Maestri, nonché creatori dell’originario termine humour, sono gli anglosassoni. Dalla loro tradizione apprendiamo una generale definizione di umorismo: esso è un atteggiamento mentale di distacco verso la realtà, che ci permette di cogliere gli aspetti ilari della nostra esperienza per non soccombere sotto il suo peso. Tuttavia esso non va confuso con la semplice comicità, perché ha una radice più profonda. In molte situazioni di vita, spontaneamente si presentano aspetti che suscitano ilarità, in genere accidentali, ma comunque graditi. È la comicità di grandi come Totò o di Laurel & Hardy.
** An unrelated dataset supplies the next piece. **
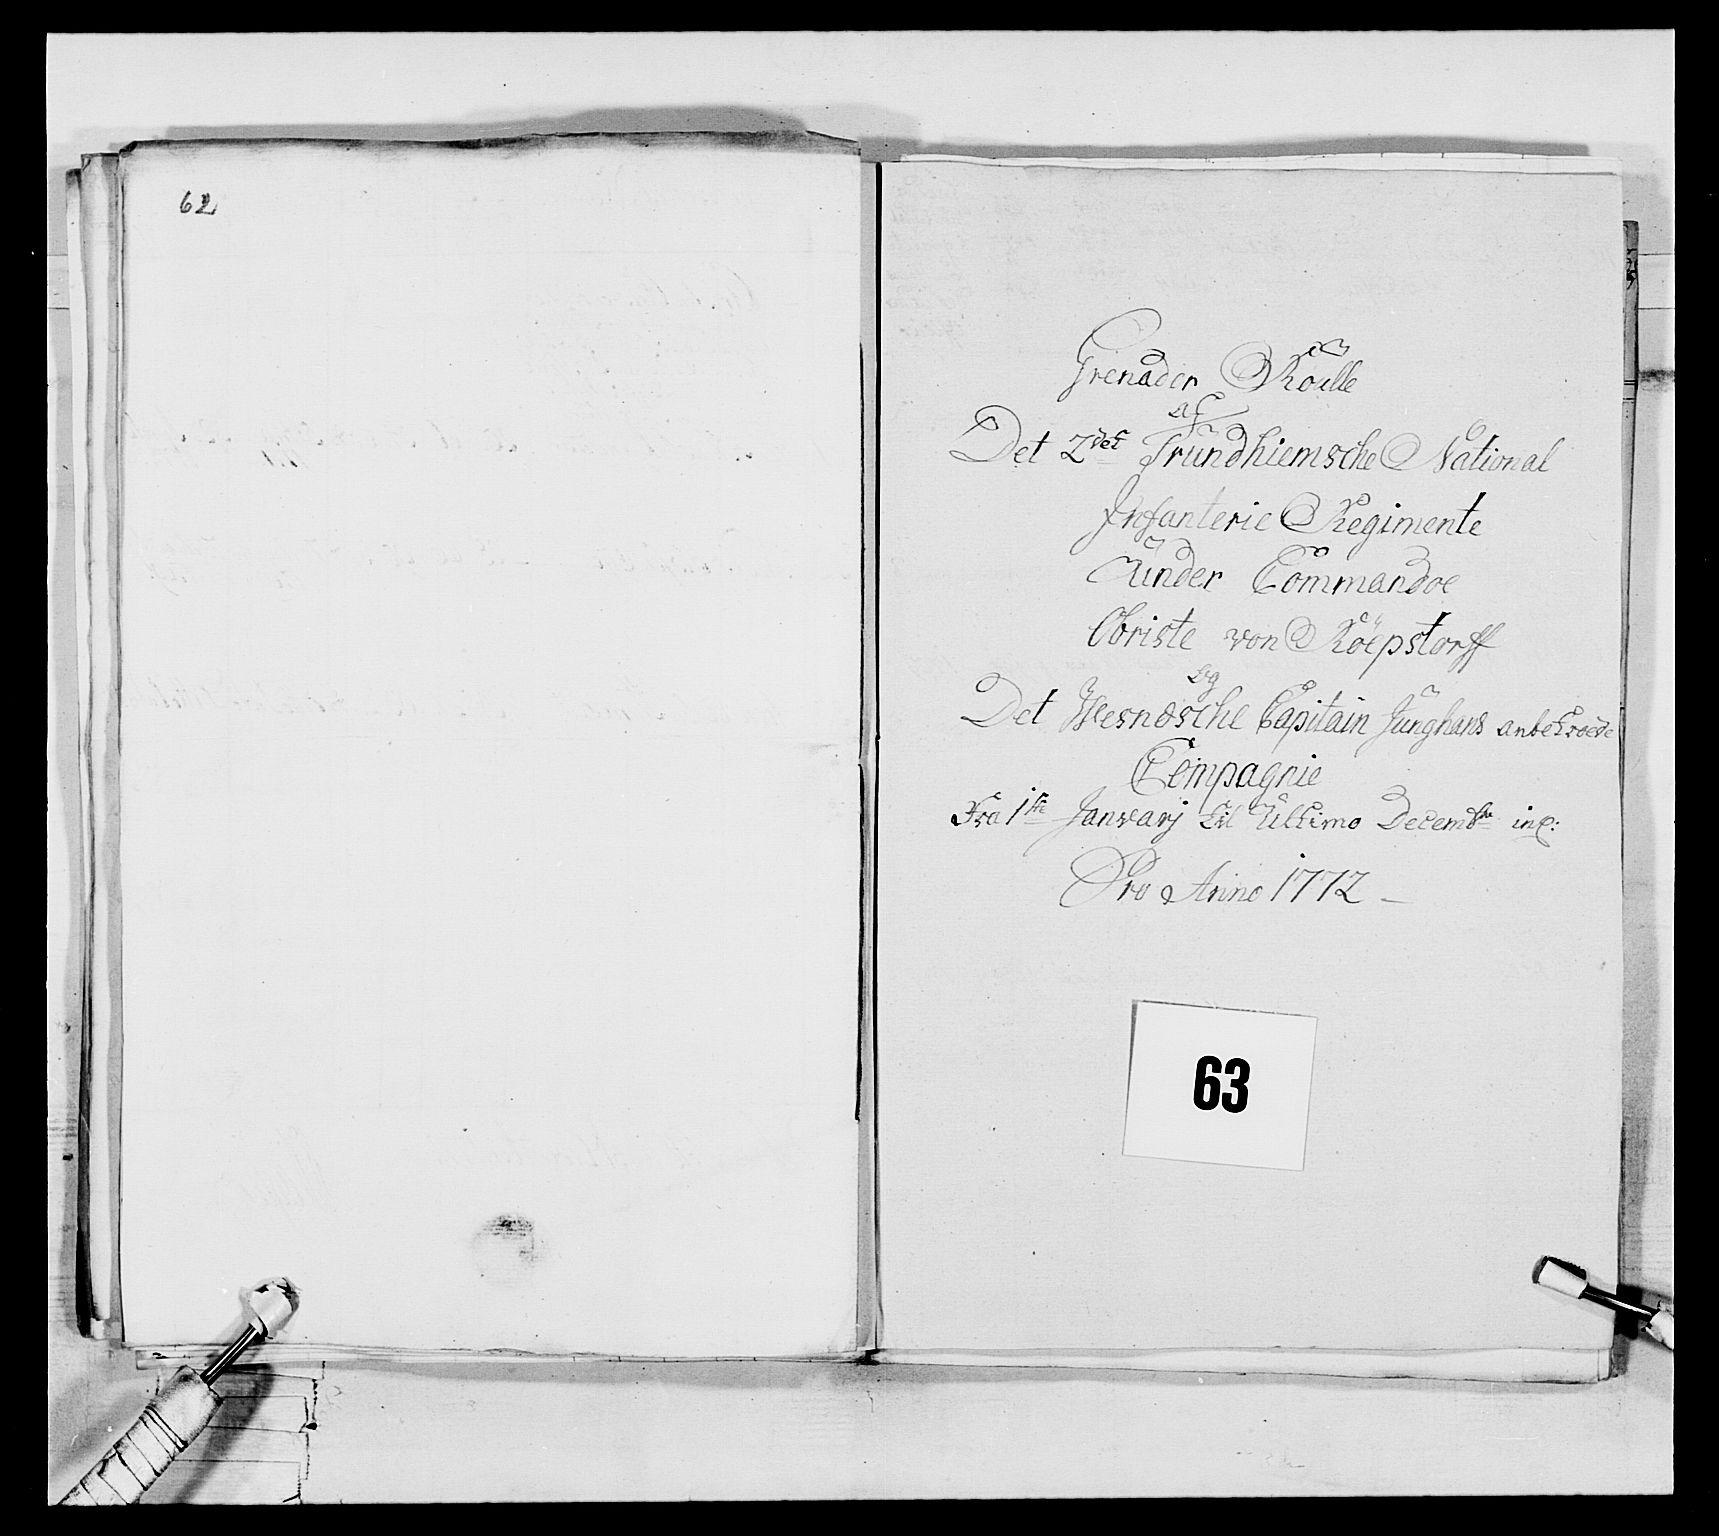 RA, Generalitets- og kommissariatskollegiet, Det kongelige norske kommissariatskollegium, E/Eh/L0076: 2. Trondheimske nasjonale infanteriregiment, 1766-1773, s. 220

L’atteggiamento umoristico invece non è generato dalla situazione ma da una lettura di essa: è principalmente un’attitudine mentale. Chi lo possiede si sforza di leggere la situazione provando a distaccarsi da essa e cogliendone alcuni lati comici. In questo modo raggiunge due scopi: da una parte alleggerisce il peso dell’esperienza, non permettendo a questa di essere così invadente e oppressiva per l’equilibrio psico-fisico; dall’altra, con alcune sottolineature riesce a far ridere e/o sorridere per scaricare la tensione accumulata. Nelle sue Lezioni americane, Italo Calvino afferma sinteticamente: “Lo humour è il comico che ha perso la pesantezza corporea”. Valga per tutti l’esempio di Gigi Proietti.
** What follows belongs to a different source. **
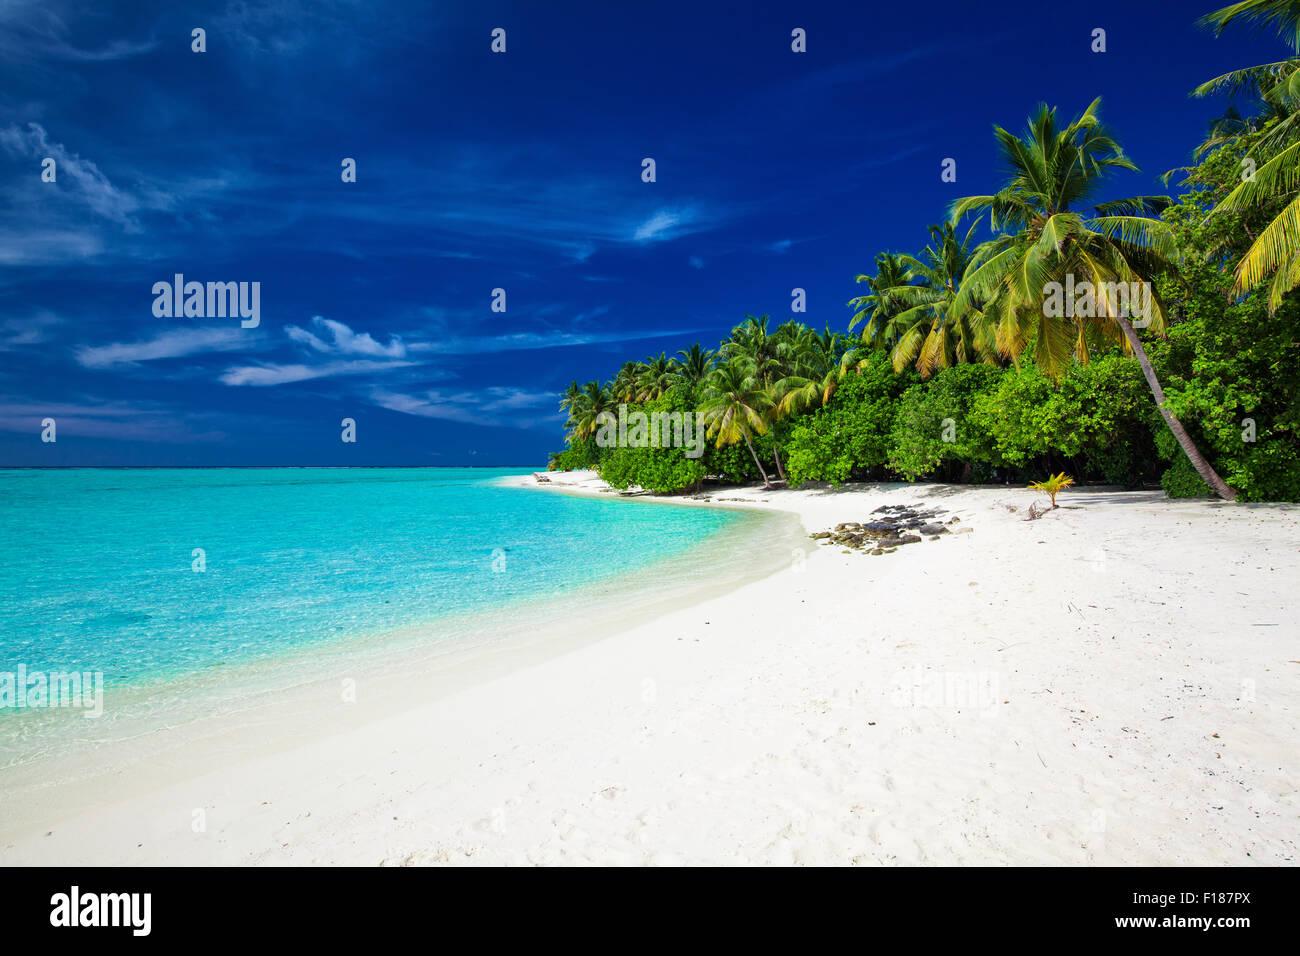 La increíble playa en una isla tropical con palmeras sobresaliendo por laguna Foto de stock

Una vignetta di Snoopy o di Linus, o una battuta di Osho o Crozza, o una frase scritta su un camice ospedaliero fanno molto più bene di noiosi programmi televisivi, interventi stucchevoli di politici in cerca di audience o pseudo profeti religiosi che pensano di avere una linea diretta con il buon Dio, tanto da distribuire oracoli a ogni piè sospinto. Questa pesantezza può essere accolta in due modi. O come un macigno che ci schiaccia e ci fa diventare più pesanti e tristi di quello che già siamo di nostro o è accolta con un sorriso, una lieve risata per sopravvivere a momenti che facili non sono.
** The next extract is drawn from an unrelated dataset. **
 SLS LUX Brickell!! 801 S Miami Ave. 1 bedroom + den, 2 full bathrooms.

L’umorista non è un buffone. Questi è colui che deve far ridere ad ogni costo e che, per questo motivo, spesso non rispetta gli altri, non ha tatto né gentilezza. Chi ha senso dello humour, invece, è colui che scherza in modo corretto, perché dotato di libertà e di raffinatezza, in altri termini di autentica virtù. E, inoltre, è pronto a prendere in giro se stesso, nella stessa misura in cui lo fa degli altri. Il giullare ride e fa ridere, spesso alle spalle degli altri, l’umorista per lo più sorride e fa sorridere, di sé come degli altri. L’umorismo non è solo creare leggerezza, ma diventare anche leggeri. Il vero umorista non solo ride degli altri, ma prima di tutto ride di se stesso. È così facile prendersi sul serio, appesantirsi e appesantire gli altri attorno a noi; coinvolgersi troppo nelle situazioni; accumulare tensione su tensione, scaricarle su di noi e sui vicini e così via.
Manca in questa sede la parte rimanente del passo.